Should You Buy a FedEx or Amazon Route Business in 2026?
AlphaY Team
Content Team
The Route Business Gold Rush Is Real—But Not for Everyone
If you've been scrolling BizBuySell or talking to brokers lately, you've probably noticed: FedEx and Amazon route businesses are everywhere. Some listings sit for months, quietly getting stale as Brokers build books of potential buyers. Others move fast at eye-watering multiples. So what's the real story heading into 2026?
Here's my take: route businesses can be solid acquisitions, but only if you understand what you're actually buying—and what's changing under your feet.
The Bull Case: Stable Cash, Growing Demand
Let's start with why people are paying up. FedEx Ground routes are selling at 4-5x EBITDA—double what they commanded just four years ago. A 20-van operation typically generates around $2 million in revenue with $300,000 in profit, translating to 10-20% margins. That's real money, and FedEx just reported $87.926 billion in revenue for FY 2025, so the parent company isn't going anywhere.
Amazon DSP (Delivery Service Partner) businesses sell cheaper—usually 2-3.5x annual net income—but for good reason. They're newer, more dependent on Amazon's whims, and historically less stable. Still, Amazon is investing $4 billion by the end of 2026 to triple rural delivery stations, enabling over 1 billion more packages annually to 13,000 zip codes. If you're buying into rural expansion zones, you're riding a genuine growth wave.
Then there's the Amazon-FedEx partnership for large residential packages, which is projected to boost FedEx package volume by at least 10%. If you own FedEx routes, this could mean more boxes without adding infrastructure.
Finally, consolidators are making moves. Cashflow on Wheels, which operates both FedEx and Amazon routes, purchased 20 electric vehicles in May 2025 for $1.4 million, claiming savings of over $500 per route per week. That's a signal that sophisticated buyers see long-term value.

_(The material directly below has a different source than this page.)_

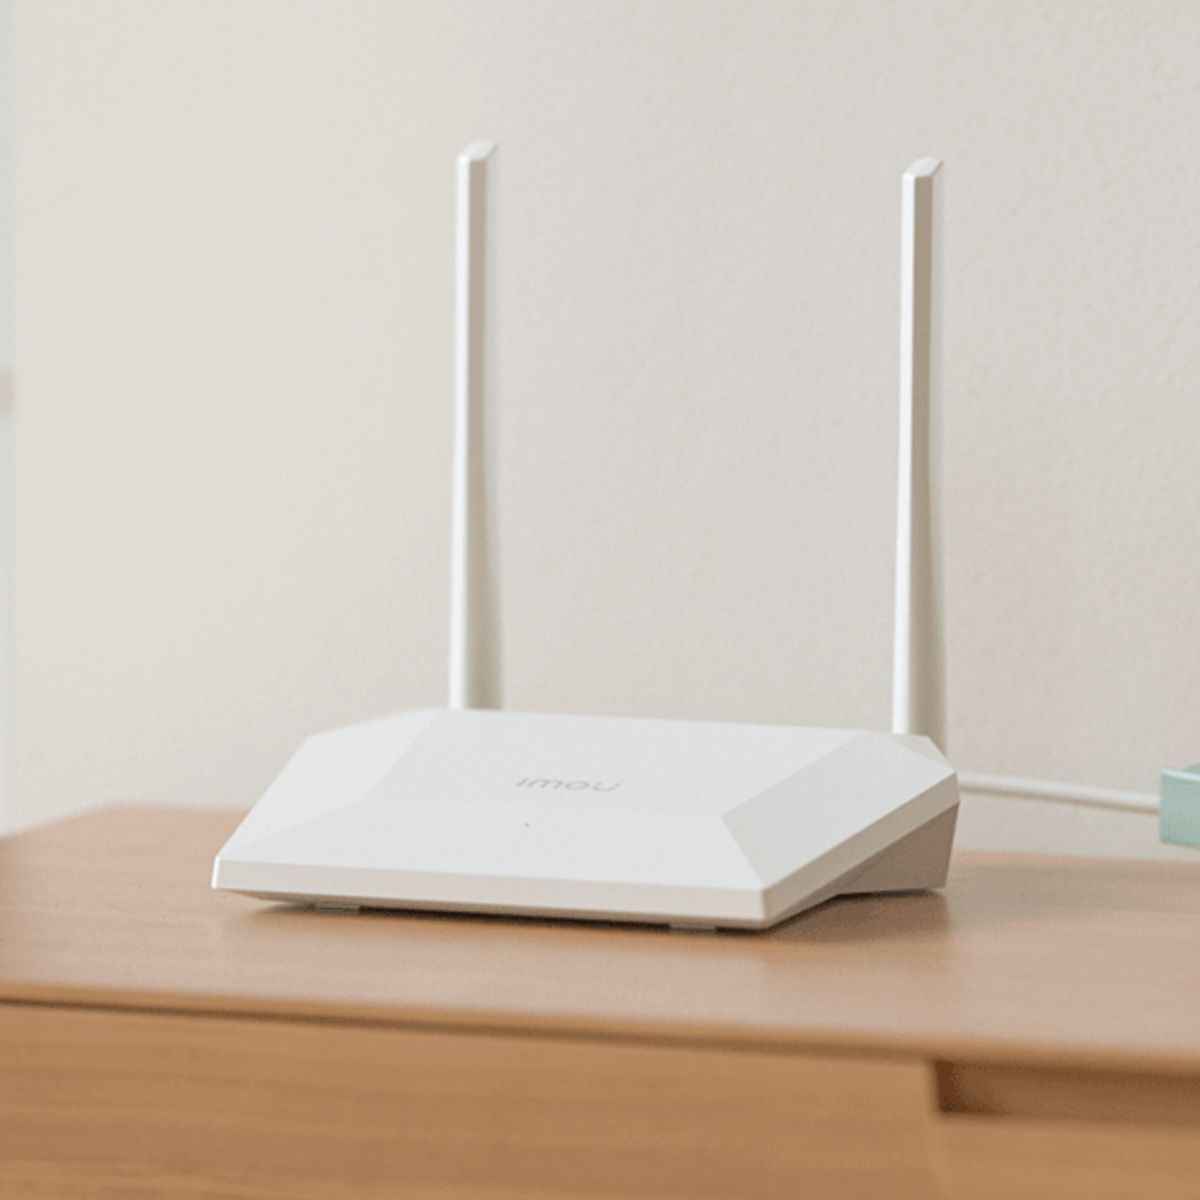 Imou HR300 300Mbps Wireless Wi-Fi Router

The Bear Case: Operational Grind and Policy Shifts
Now for the reality check. Route businesses are operationally intensive. You're managing drivers, vehicle maintenance, fuel costs, and delivery windows. Each FedEx van generates roughly $100,000 in revenue, which sounds great until you realize one accident, one bad hire, or one route rebalancing can crater your margins.

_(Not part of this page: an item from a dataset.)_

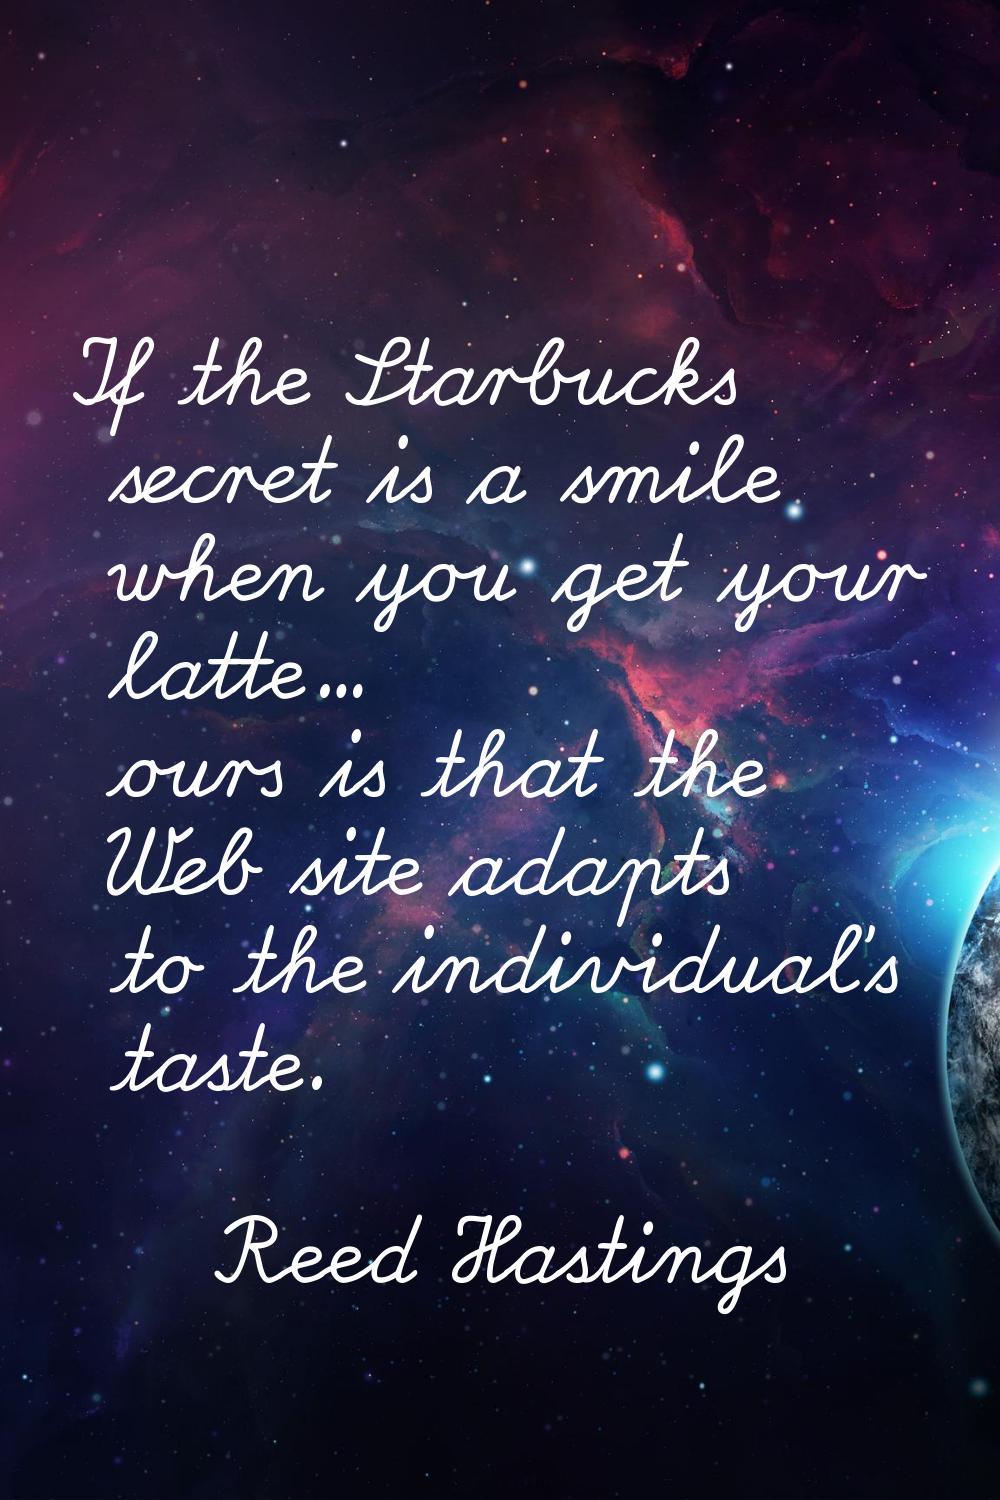 If the Starbucks secret is a smile when you get your latte... ours is that the Web site adapts to t

Amazon DSPs face even tighter control. Amazon dictates your routes, your delivery standards, and increasingly your equipment. You're less an independent contractor and more a franchisee without the brand protection. And while Amazon moved over 5 billion products through 600,000+ sellers in 2025, policy shifts like the elimination of the de minimis tariff exemption on imports under $800 are already reshaping logistics economics.
FedEx is also spinning off its Freight segment by June 2026. That's a massive restructuring, and while it doesn't directly impact Ground routes, it signals a company in flux. If you're betting on long-term stability, uncertainty at the corporate level matters.
And here's something brokers won't tell you: many listings on sites like BizBuySell stay live for months, not because sellers are patient, but because they're fishing for buyer contacts to build out their books. If a route business listing has been up for 90+ days, ask hard questions about the real numbers.
Who Should Buy (and Who Should Walk Away)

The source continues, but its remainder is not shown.